Perhaps even more importantly, drugs like cyproheptadine that antagonize 5-HT2C may prevent or even treat CVD and diabetes (type 2).
http://www.ncbi.nlm.nih.gov/pubmed/8637392/
"...That serotonin (5HT) is involved in regulating hypothalamic-pituitary- adrenal axis (HPA) function has long been recognized. A variety of drugs including precursors of 5HT such as 5HTP, drugs which release 5HT such as fenfluramine and drugs which act directly on 5HT receptors such as ipsapirone increase cortisol and ACTH concentrations. There is a general assumption that such stimulation occurs at a hypothalamic level. However, our increasing understanding of the complex interplay between 5HT and the HPA raises questions as to the validity of this simple model. An increasing volume of experimental research indicates that 5HT can act directly on the adrenal gland and possibly on the anterior pituitary as well. These findings have major implications for the interpretation of neuroendocrine studies of 5HT conducted in psychiatric conditions, such as depression."
http://www.ncbi.nlm.nih.gov/pubmed/17596444/
"...The dynamic interplay between serotonin [5-hydroxytryptamine (5-HT)] neurotransmission and the hypothalamic-pituitary-adrenal (HPA) axis has been extensively studied over the past 30 years, but the underlying mechanism of this interaction has not been defined. A possibility receiving little attention is that 5-HT regulates upstream corticotropin-releasing hormone (CRH) signaling systems via activation of serotonin 2C receptors (5-HT(2C)Rs) in the paraventricular nucleus of the hypothalamus (PVH). Through complementary approaches in wild-type rodents and 5-HT(2C)R-deficient mice, we determined that 5-HT(2C)Rs are necessary for 5-HT-induced HPA axis activation."

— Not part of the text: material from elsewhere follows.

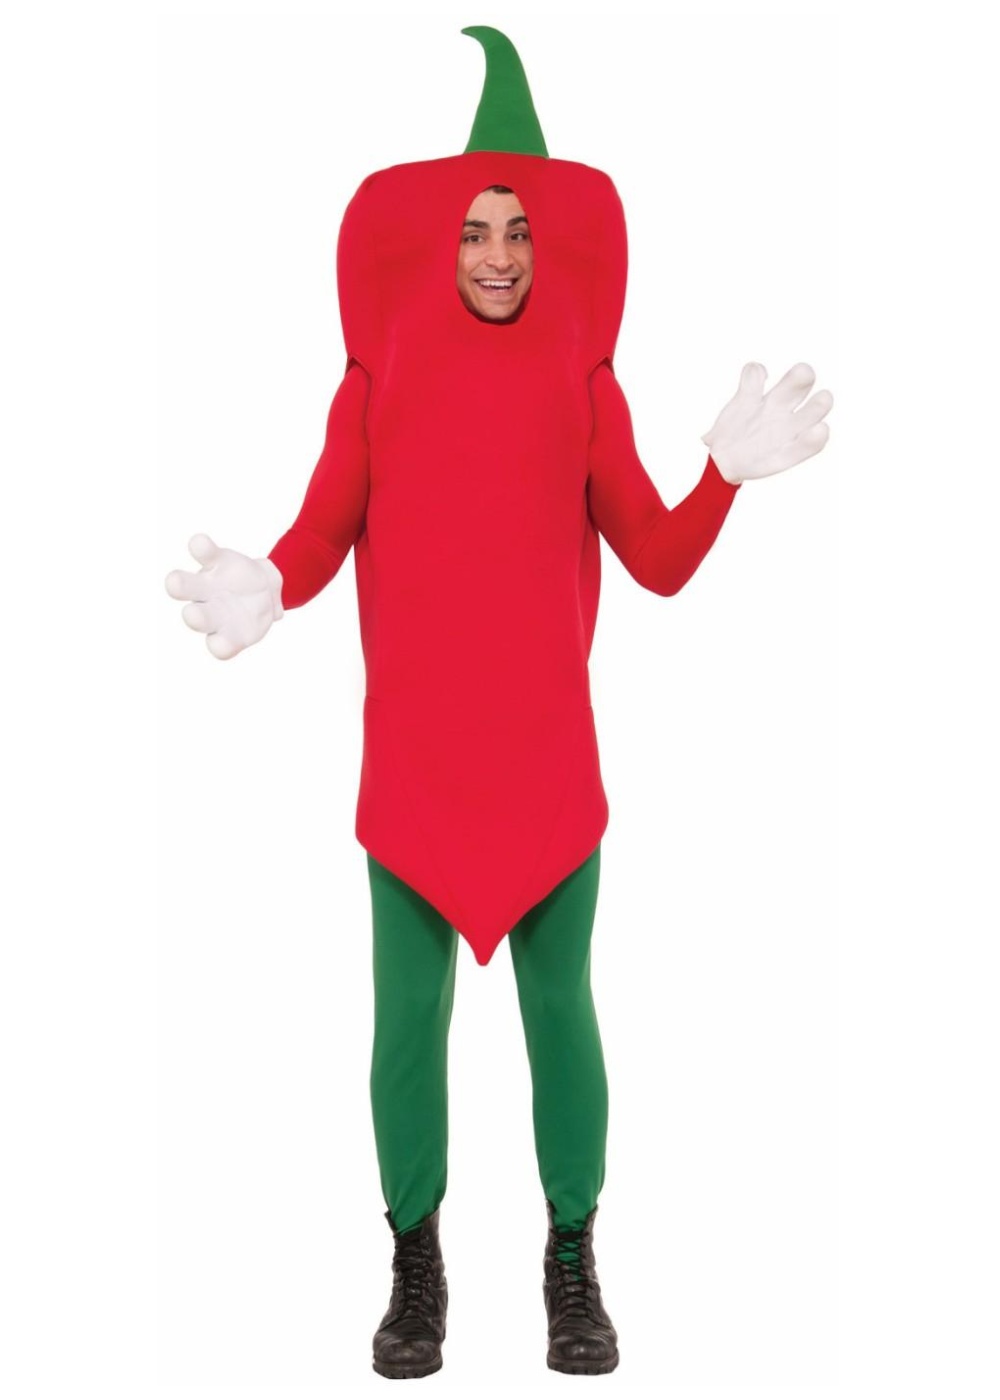 Hot Pepper Costume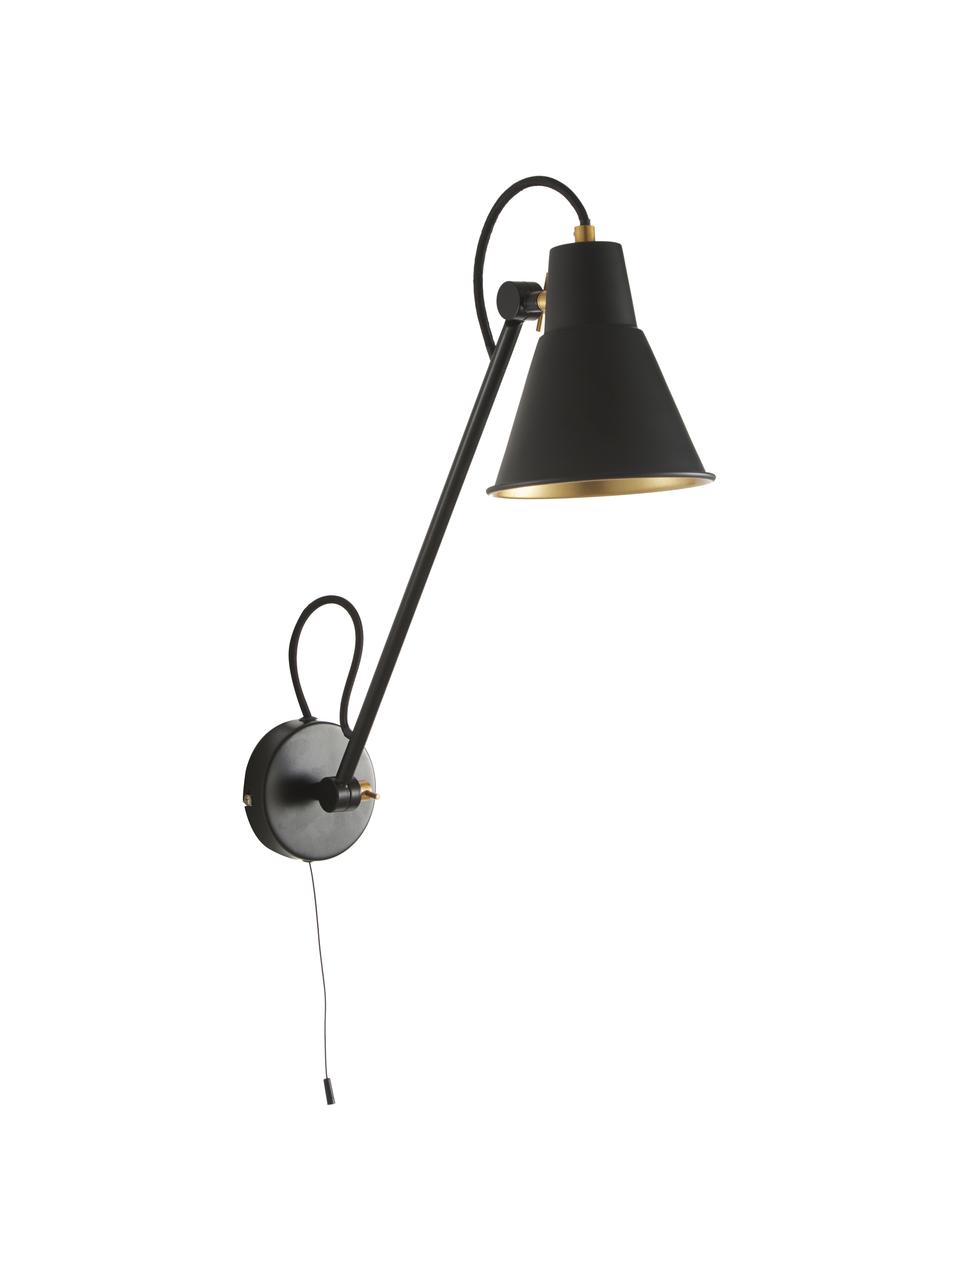 Wandlamp Justa met goudkleurig-decoratie, Lampenkap: gecoat metaal, Frame: gecoat metaal, Zwart, goudkleurig, 14 x 55 cm

http://www.ncbi.nlm.nih.gov/pmc/articles/PMC3245751/
"...The serotonin 5HTR2C receptor has been shown to mediate HPA axis activation during stress. We hypothesized that a functional polymorphism (rs6318) of the 5HTR2C gene would be associated with HPA axis response to a laboratory stress protocol. The present sample consisted of 41 men (22 African Americans, 19 Caucasians). We found that at rest men with the more active rs6318 Ser23 C allele had similar cortisol values compared to those with the less active sys23 G allele. During laboratory stress, however, men with the Ser23 C allele exhibited the predicted significantly higher cortisol levels (p < .001), as well as larger increases in anger (P=0.08) and depressive mood (P=0.006) ratings, compared to the sys23 G carriers. The increase in cortisol was significantly related to the increases in ratings of anger and depression assessed before and after the emotion induction, and these correlations became nonsignificant when rs6318 genotype was covaried. We conclude that genetic variation in 5HTR2C may be associated with HPA axis activation and stimulated by emotional stress, and also with both psychological and physiological endophenotypes that increase the risk of cardiovascular disease and type 2 diabetes."